Bei der Analyse mit einer Einweg-ANOVA zeigte Glibenclamid keine Wirkung auf die basale CGRP-Freisetzung aus Dura mater und TG. Glibenclamid reduzierte signifikant die Capsaicin-induzierte CGRP-Freisetzung in der Dura mater um 40 % und TG um 39 % im Vergleich zu Capsaicin mit dem Vehikel, wenn es mit einer Einweg-ANOVA analysiert wurde. Es wurde festgestellt, dass das transiente Rezeptorpotenzial Ankyrin-1-Agonist Super-Zimtaldehyd CGRP in einer konzentrationsabhängigen Weise aus dem TG mit 1, 10 und 100 Mikromolar Super-Zimtaldehyd freisetzt, was zu einer um 9%, 52% und 69% erhöhten Freisetzung von CGRP im Vergleich zum Vehikel führt, wenn es mit Zwei-Wege-ANOVA analysiert wurde. Die erhöhte Freisetzung von CGRP fehlte bei TG bei den transienten Rezeptorpotential-Ankyrin-1-Knockout-Mäusen, bei denen die Exposition gegenüber 1, 10 und 100 Mikromolar Super-Zimtaldehyd zu einer 11%-minus 13%- bzw. 9%-Veränderung der Freisetzung von CGRP im Vergleich zum Vehikel führte, wenn sie mit Zwei-Wege-ANOVA analysiert wurden.

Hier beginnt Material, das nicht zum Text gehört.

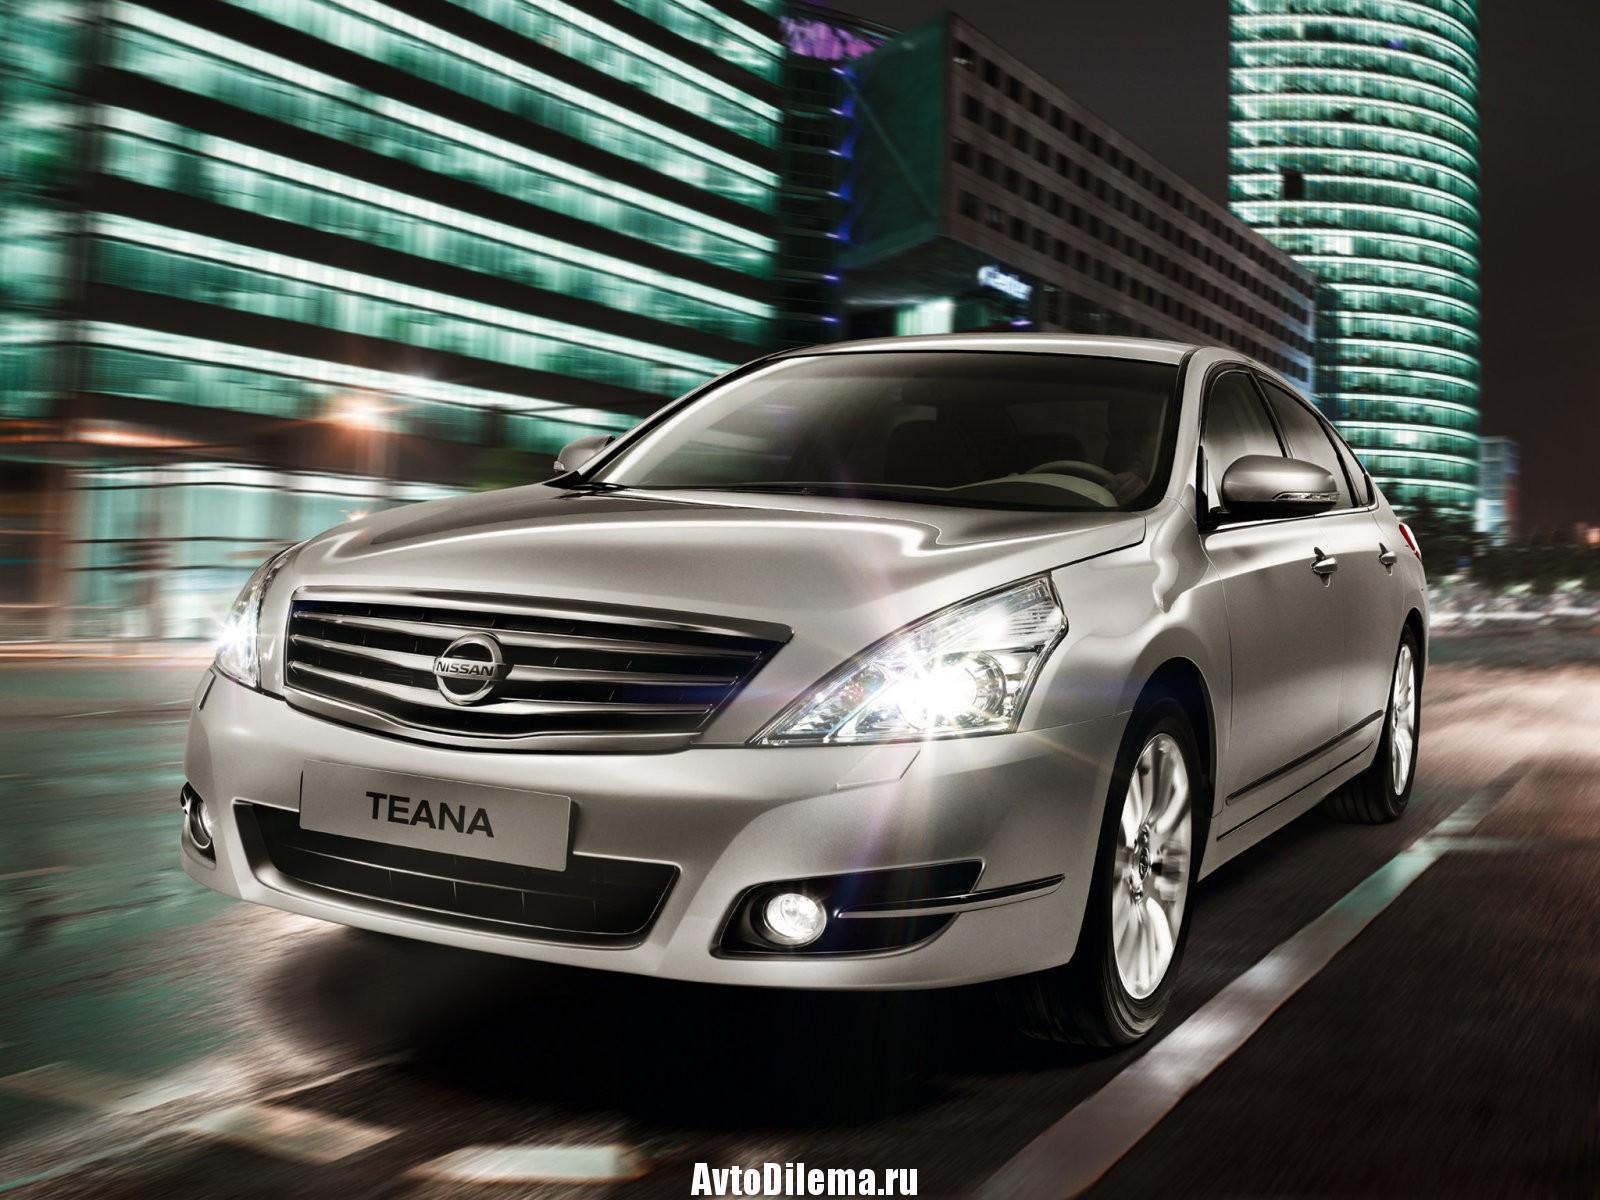 Какие болячки у Nissan Teana 2 ?

Es ist wichtig, darauf zu achten, das Gewebe während der Probenentnahme nicht zu berühren und die Inkubationszeit für alle Proben genau zu bestimmen. Wenn geeignete ELISA-Kits zur Verfügung stehen, ist es möglich, dieses Verfahren anzuwenden, um die Freisetzung anderer Peptide im trigeminalen Gefäßsystem zu messen.